Identification of Leydig cells for 3β-HSD and Sertoli cells for Oil Red O
(a) In the present culture system, all cells showed negative 3β-HSD staining; (b) The prepared Leydig cells showed positive 3β-HSD staining; (c) Sertoli cells showed positive Oil Red O staining. Arrowheads: Leydig cells; Arrows: Sertoli cells
Fig. 2.
Immunocytochemistry of type A spermatogonia for c-kit and PCNA
(a) Negative staining for c-kit after 24-h culture; (b) Positive staining for c-kit after 24-h culture; (c) Spermatogonia and Sertoli cells showed positive PCNA staining after 72-h culture. Arrowheads: type A spermatogonia; Arrows: Sertoli cells
PCNA staining of type A spermatogonia
In order to confirm the morphological assessment of spermatogonial colony numbers, cells were stained for PCNA after 72-h culture for demonstration of the proliferating cells. Spermatogonia and Sertoli cells showed brown color in the positive staining (Fig.2c).
Effect of ginsenosides on spermatogonial cell proliferation
Treatment with 1.0~10 μg/ml ginsenosides for 72 h significantly increased the number and area of type A spermatogonial colonies (P<0.05). Compared with the control, ginsenosides at a lower concentration (0.1 μg/ml) had no significant effect on promoting spermatogonial proliferation (Fig.3).
Fig. 3.
Effect of ginsenosides on type A spermatogonial proliferation
Values represent mean±SD (n=4). Bars with different letters are statistically different (P<0.05)

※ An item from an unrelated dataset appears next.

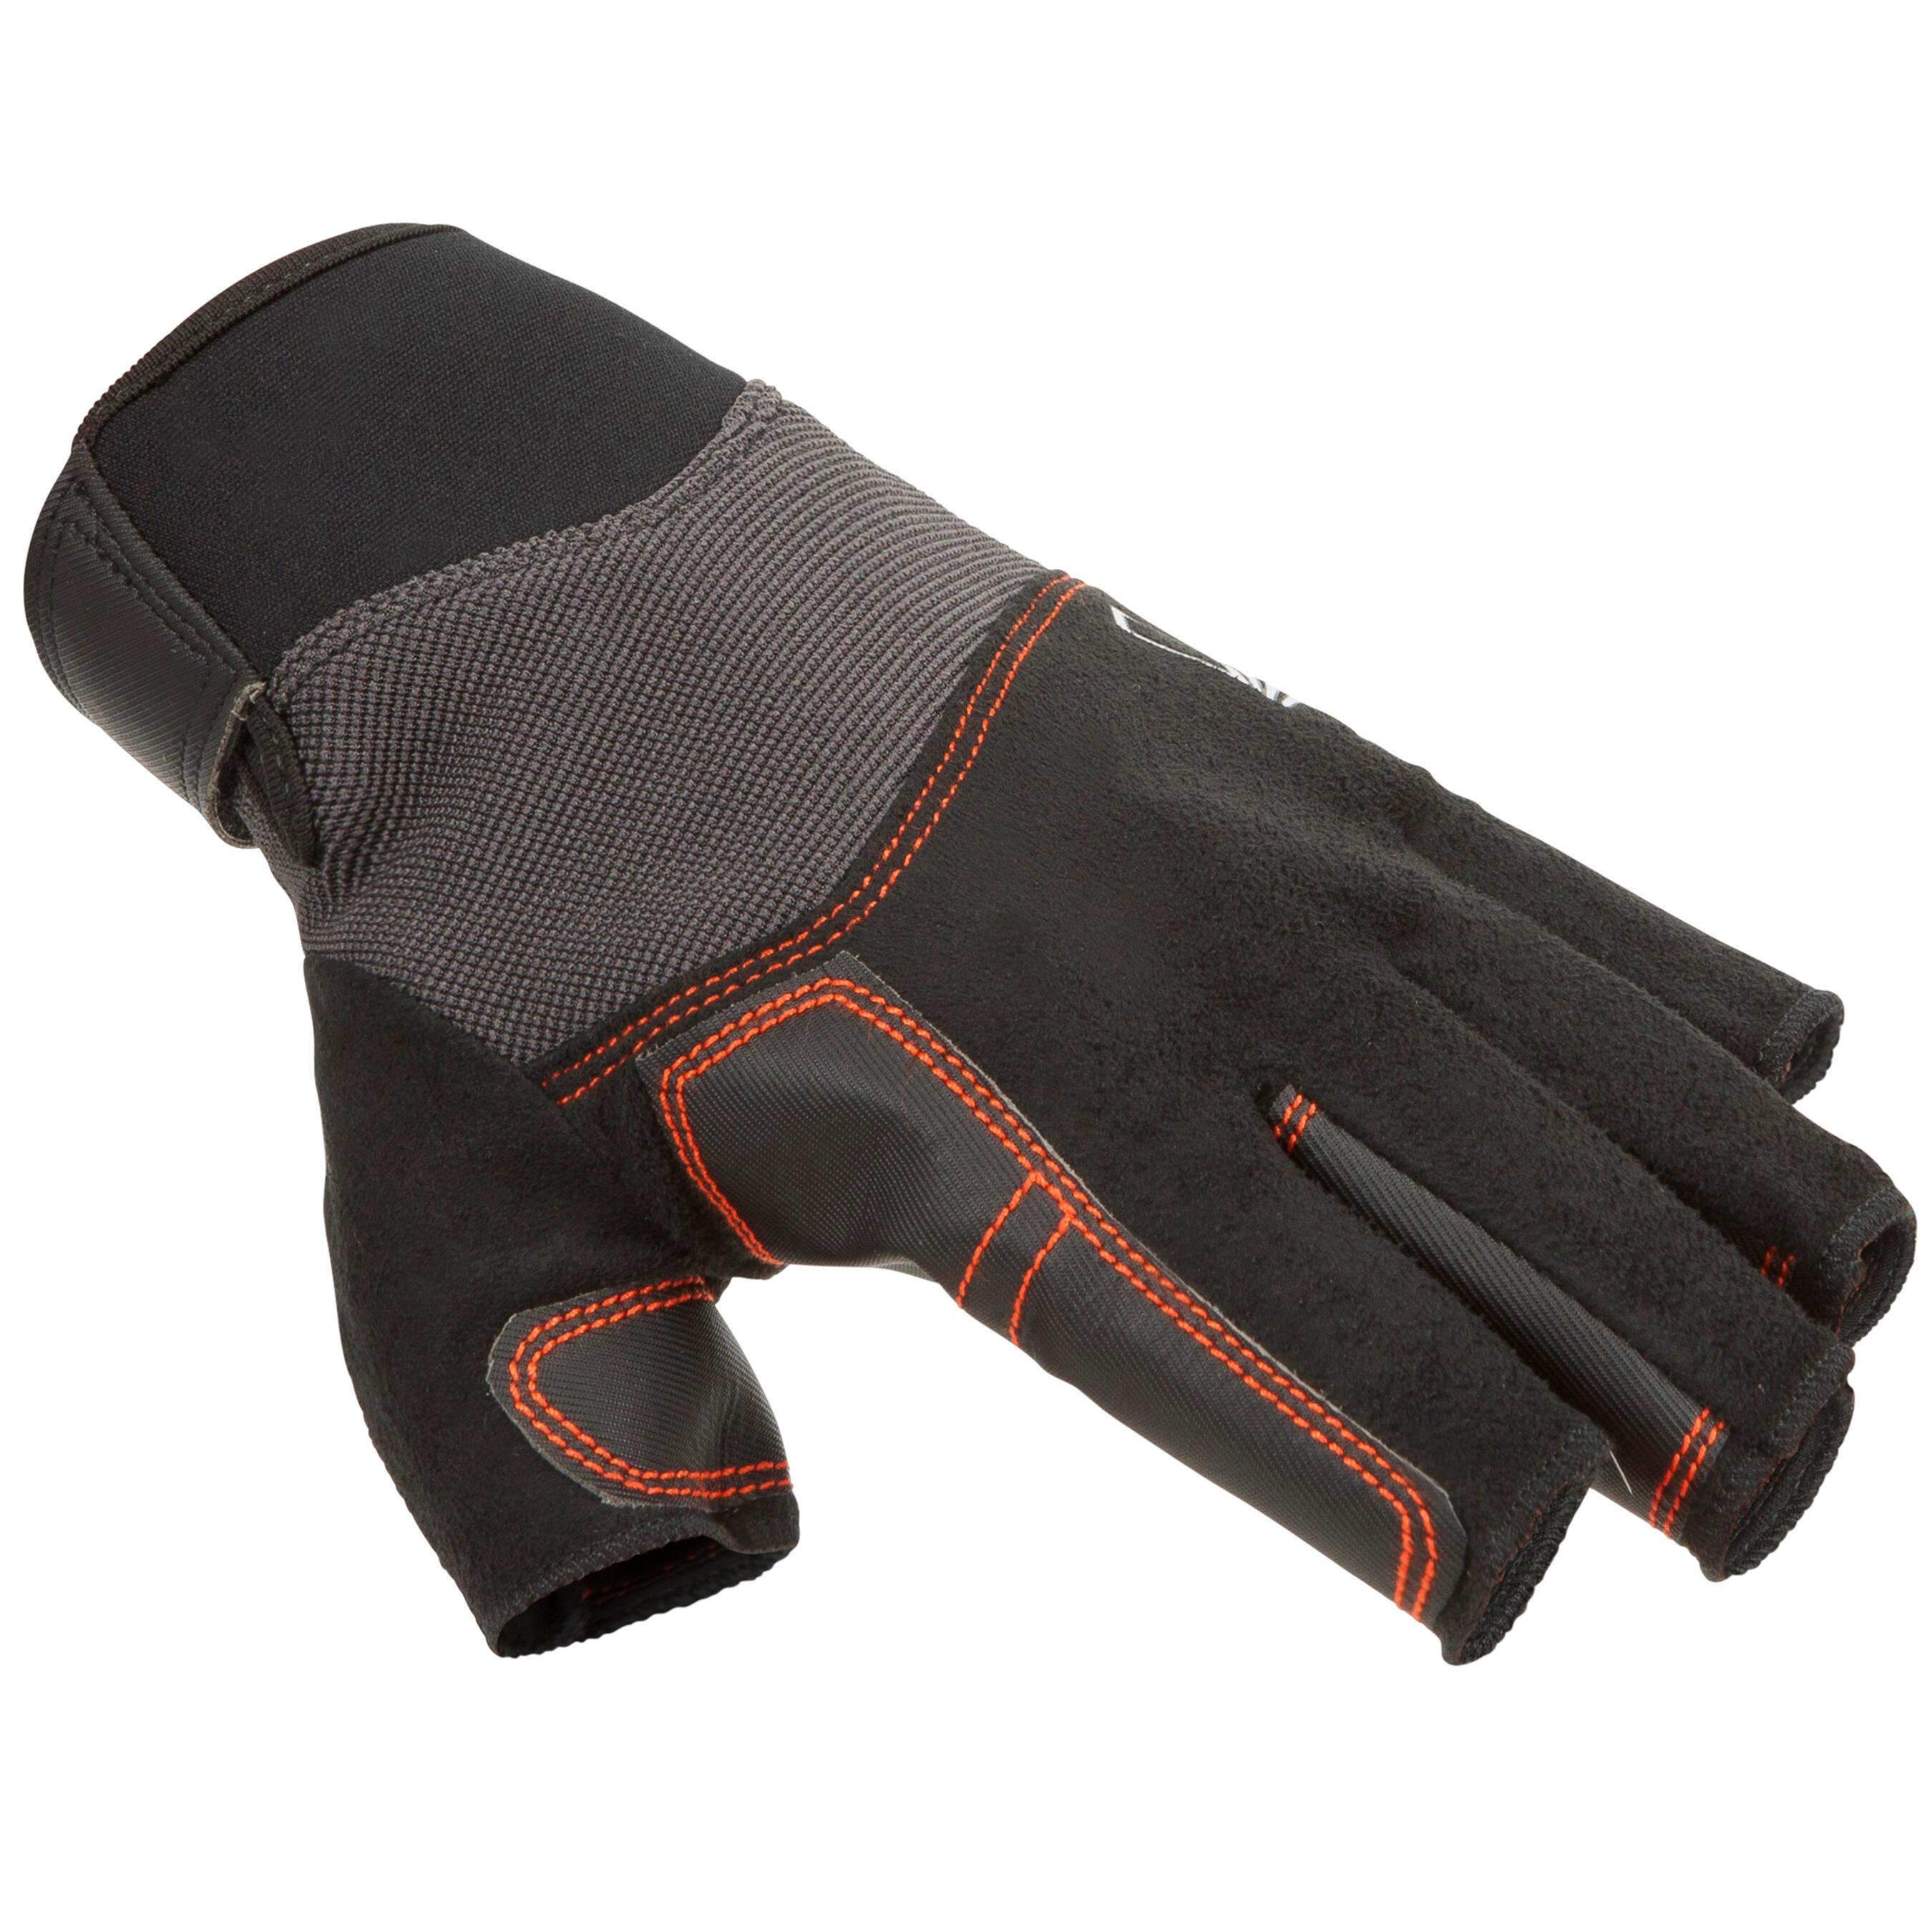 Segel-Handschuhe halbhand Sailing 500 Damen schwarz   Accessoires > Handschuhe > Sonstige Handschuhe   Tribord
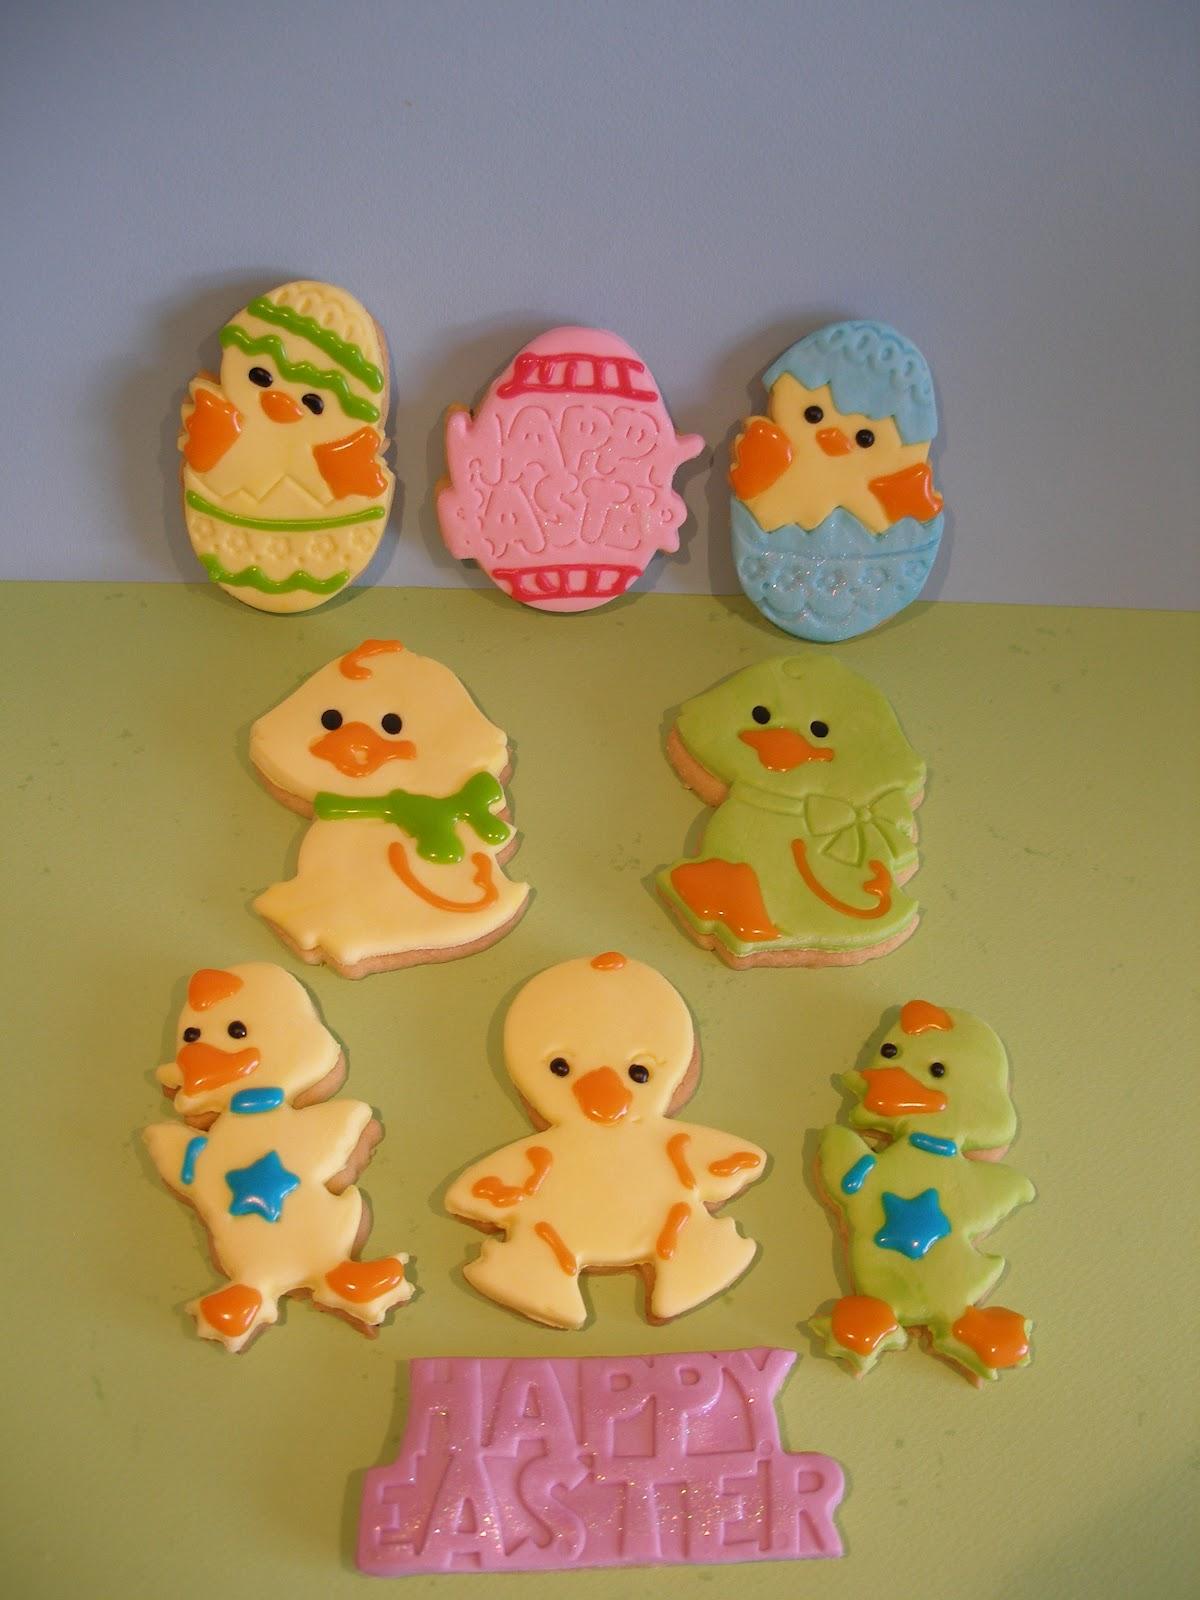 Sweet cookies 4 you

Effect of PKC system on ginsenosides-stimulated spermatogonial proliferation
Compared with the control, activation of PKC by PMA (10−8~10−7 mol/L) markedly stimulated spermatogonial proliferation. The maximal effect was observed at the highest concentration evaluated (10−7 mol/L). However, this stimulating effect was reduced by H7 (P<0.05) (Fig.4). In addition, ginsenosides (10 μg/ml) combined with PMA (10−8 mol/L) significantly increased the number and area of spermatogonial colonies (P<0.05), compared with either alone. H7 at 10−7~10−6 mol/L significantly attenuated the ginsenosides-stimulated spermatogonial proliferation (P<0.05). However, H7 alone had no significant effect on the number of cell colonies (Fig.5).
Fig. 4.
Effects of PKC activator (a) and inhibitor (b) on type A spermatogonial proliferation
Values represent mean±SD (n=4). Bars with different letters are statistically different (P<0.05)
Fig. 5.
Involvement of PKC system in ginsenosides-stimulated type A spermatogonial proliferation
Ginsenosides (10 μg/ml) combined with PMA (10−8 mol/L) increased the number of spermatogonial colonies, compared with either ginsenosides or PMA alone. Values represent mean±SD (n=4). Bars with different letters are statistically different (P<0.05)
DISCUSSION
In the present study, the Sertoli-germ cell co-culture model was used to study the action of ginsenosides on regulating type A spermatogonial proliferation in mice. Sertoli cells are nursing cells that provide nutrients, growth factors, and microenvironment necessary for germ cell proliferation and differentiation. In order to identify type A spermatogonia and Sertoli cells, c-kit and Oil Red O stainings are adopted for discrimination between type A spermatogonia and Sertoli cells. The type A spermatogonia are c-kit positive (Dym et al., 1995). In the present study, c-kit expression was manifested in type A spermatogonia by immunocytochemistry and Sertoli cells showed Oil Red O positive. Furthermore, Leydig cells were removed through collagenase dispersing and gravity sedimentation, and the staining of 3β-HSD showed that very few Leydig cells existed in the present co-culture system. A spermatogonial proliferation was examined by PCNA immunocytochemistry. PCNA is preferentially synthesized after diapause and is localized in the nucleus at sites of active DNA replication. In this study, intensive staining of PCNA was demonstrated on spermatogonial colonies, suggesting that the type A spermatogonial cells maintained active proliferation after 72-h culture.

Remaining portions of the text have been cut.